▶ DATA SHOWN
════

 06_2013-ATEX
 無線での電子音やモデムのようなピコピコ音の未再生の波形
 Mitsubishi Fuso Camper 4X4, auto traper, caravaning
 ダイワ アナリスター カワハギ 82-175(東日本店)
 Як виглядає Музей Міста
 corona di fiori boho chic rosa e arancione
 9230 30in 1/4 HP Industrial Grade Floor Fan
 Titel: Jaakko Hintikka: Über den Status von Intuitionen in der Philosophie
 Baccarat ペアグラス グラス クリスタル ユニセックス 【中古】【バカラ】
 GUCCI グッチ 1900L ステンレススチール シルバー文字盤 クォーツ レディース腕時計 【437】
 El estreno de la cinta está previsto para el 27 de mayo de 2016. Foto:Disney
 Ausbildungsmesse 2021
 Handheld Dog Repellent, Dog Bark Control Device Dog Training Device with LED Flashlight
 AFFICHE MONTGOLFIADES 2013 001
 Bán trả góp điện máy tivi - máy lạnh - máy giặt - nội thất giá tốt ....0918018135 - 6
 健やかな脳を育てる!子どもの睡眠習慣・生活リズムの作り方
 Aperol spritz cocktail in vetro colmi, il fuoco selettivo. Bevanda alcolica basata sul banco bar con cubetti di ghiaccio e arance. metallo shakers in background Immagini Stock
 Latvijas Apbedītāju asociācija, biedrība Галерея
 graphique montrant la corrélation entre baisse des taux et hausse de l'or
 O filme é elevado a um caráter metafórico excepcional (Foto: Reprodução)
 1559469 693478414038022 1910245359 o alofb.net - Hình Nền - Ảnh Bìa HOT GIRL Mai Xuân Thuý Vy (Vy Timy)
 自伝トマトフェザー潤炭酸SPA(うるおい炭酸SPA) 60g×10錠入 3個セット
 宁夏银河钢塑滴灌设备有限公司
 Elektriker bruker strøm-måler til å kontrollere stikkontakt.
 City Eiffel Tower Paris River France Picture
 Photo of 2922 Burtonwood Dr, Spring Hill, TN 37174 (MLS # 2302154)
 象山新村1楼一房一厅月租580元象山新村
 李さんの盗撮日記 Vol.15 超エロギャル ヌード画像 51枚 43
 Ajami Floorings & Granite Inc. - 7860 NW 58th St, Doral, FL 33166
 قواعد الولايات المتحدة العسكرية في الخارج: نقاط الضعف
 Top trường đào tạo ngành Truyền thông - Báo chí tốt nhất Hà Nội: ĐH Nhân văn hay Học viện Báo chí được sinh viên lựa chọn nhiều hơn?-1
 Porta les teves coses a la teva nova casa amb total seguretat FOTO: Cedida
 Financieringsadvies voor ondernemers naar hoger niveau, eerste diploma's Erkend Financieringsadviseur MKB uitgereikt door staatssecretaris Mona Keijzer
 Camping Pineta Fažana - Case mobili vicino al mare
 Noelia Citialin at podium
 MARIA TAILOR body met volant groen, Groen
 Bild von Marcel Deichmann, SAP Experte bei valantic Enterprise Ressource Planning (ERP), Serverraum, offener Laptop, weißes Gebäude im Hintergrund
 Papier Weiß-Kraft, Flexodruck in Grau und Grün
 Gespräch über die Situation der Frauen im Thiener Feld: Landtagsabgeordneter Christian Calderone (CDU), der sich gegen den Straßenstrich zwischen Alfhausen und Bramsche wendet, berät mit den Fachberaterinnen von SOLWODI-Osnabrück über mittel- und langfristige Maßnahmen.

════

▶ PROBLEM DESCRIPTION
The lines from the one holding "Papier Weiß-Kraft, Flexodruck" through the end of the listing above are to be written out exactly, both ends included, and no others.

▶ OUTPUT FOR THIS TASK
 Papier Weiß-Kraft, Flexodruck in Grau und Grün
 Gespräch über die Situation der Frauen im Thiener Feld: Landtagsabgeordneter Christian Calderone (CDU), der sich gegen den Straßenstrich zwischen Alfhausen und Bramsche wendet, berät mit den Fachberaterinnen von SOLWODI-Osnabrück über mittel- und langfristige Maßnahmen.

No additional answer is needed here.